Task details:
Your output should be everything below from the line containing "to drool. 😍💦💄" down to the line containing "This look was", both ends included, copied exactly, with pictures left out.

Data for the task:
○ ○ ○ ○ ○

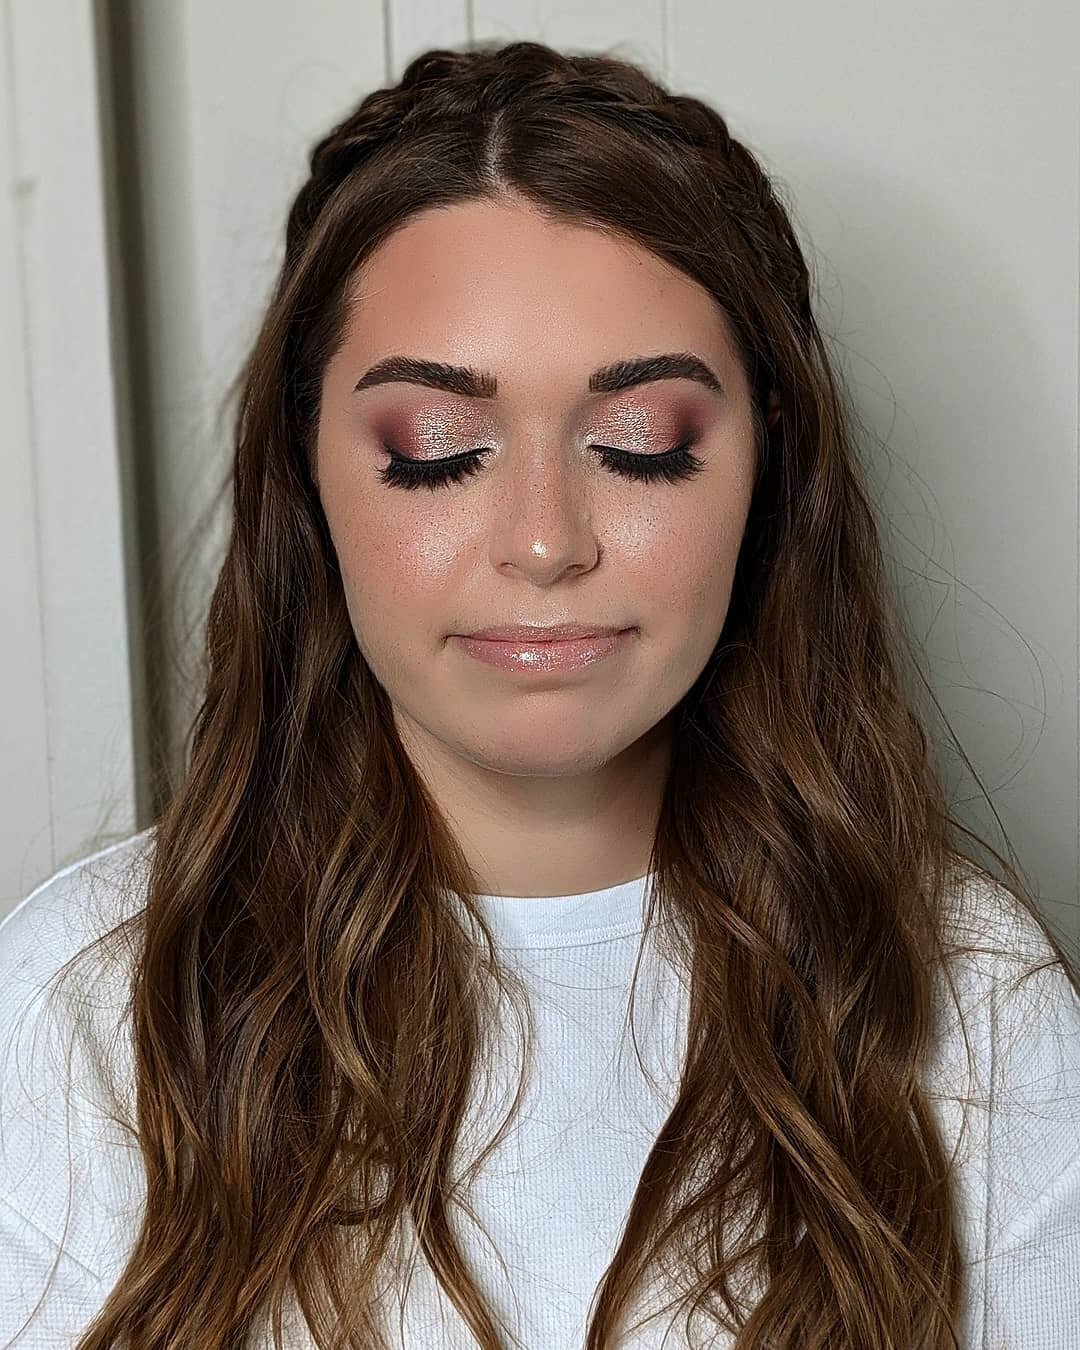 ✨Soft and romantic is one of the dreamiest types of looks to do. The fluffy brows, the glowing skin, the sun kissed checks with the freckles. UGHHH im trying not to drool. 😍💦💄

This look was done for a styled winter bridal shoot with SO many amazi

○ ○ ○ ○ ○

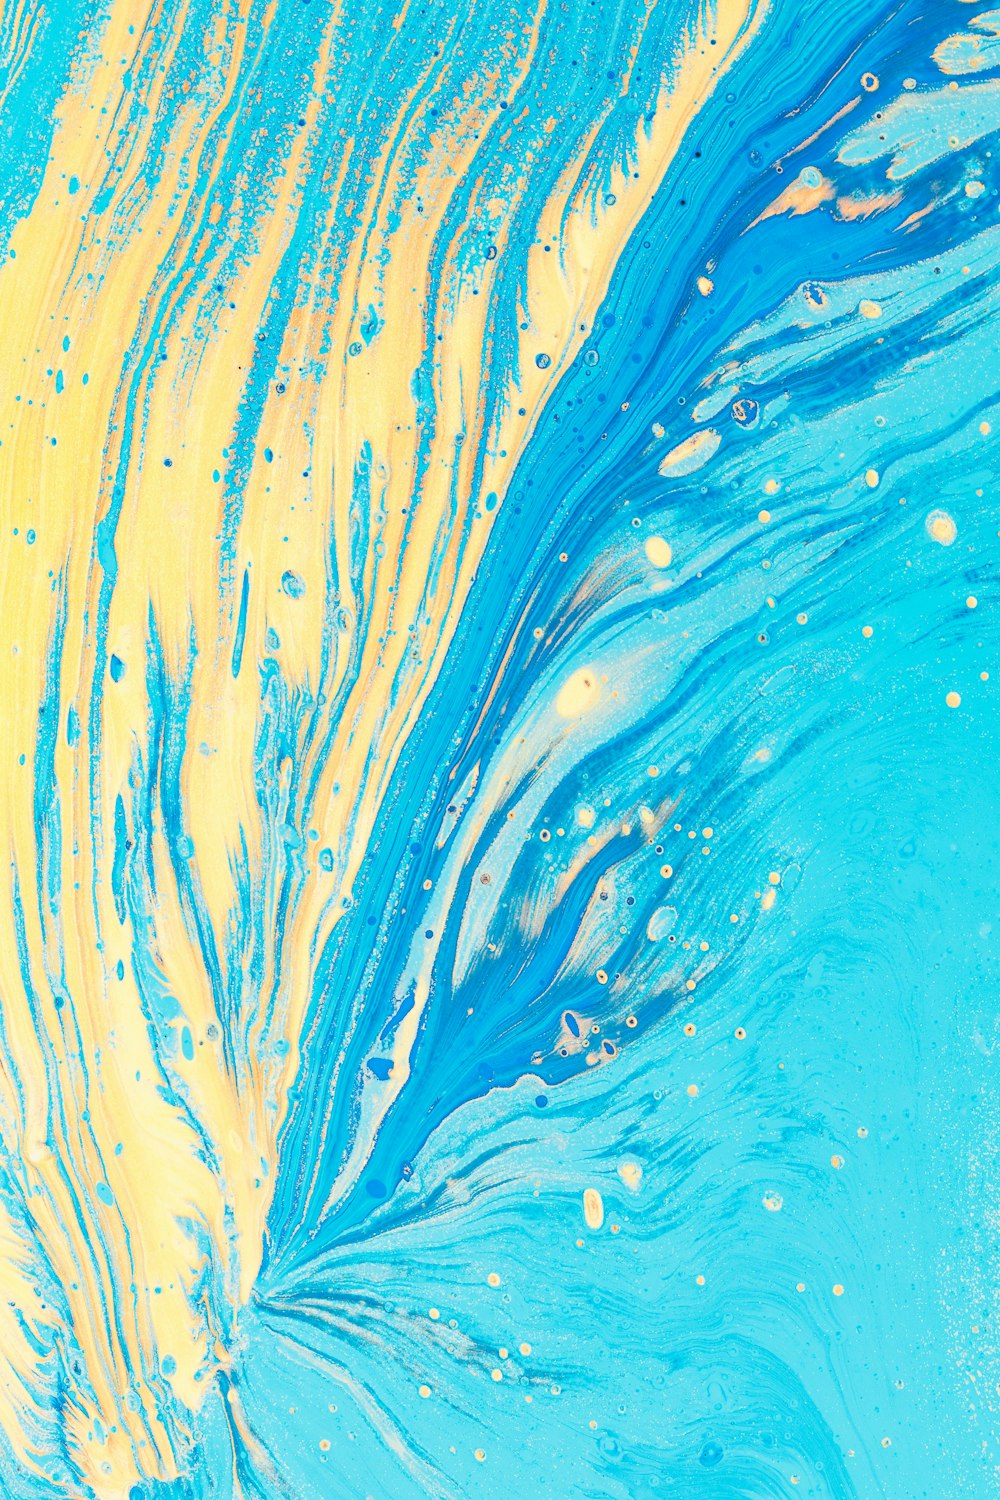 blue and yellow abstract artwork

○ ○ ○ ○ ○

Result of this exercise:
 ✨Soft and romantic is one of the dreamiest types of looks to do. The fluffy brows, the glowing skin, the sun kissed checks with the freckles. UGHHH im trying not to drool. 😍💦💄

This look was done for a styled winter bridal shoot with SO many amazi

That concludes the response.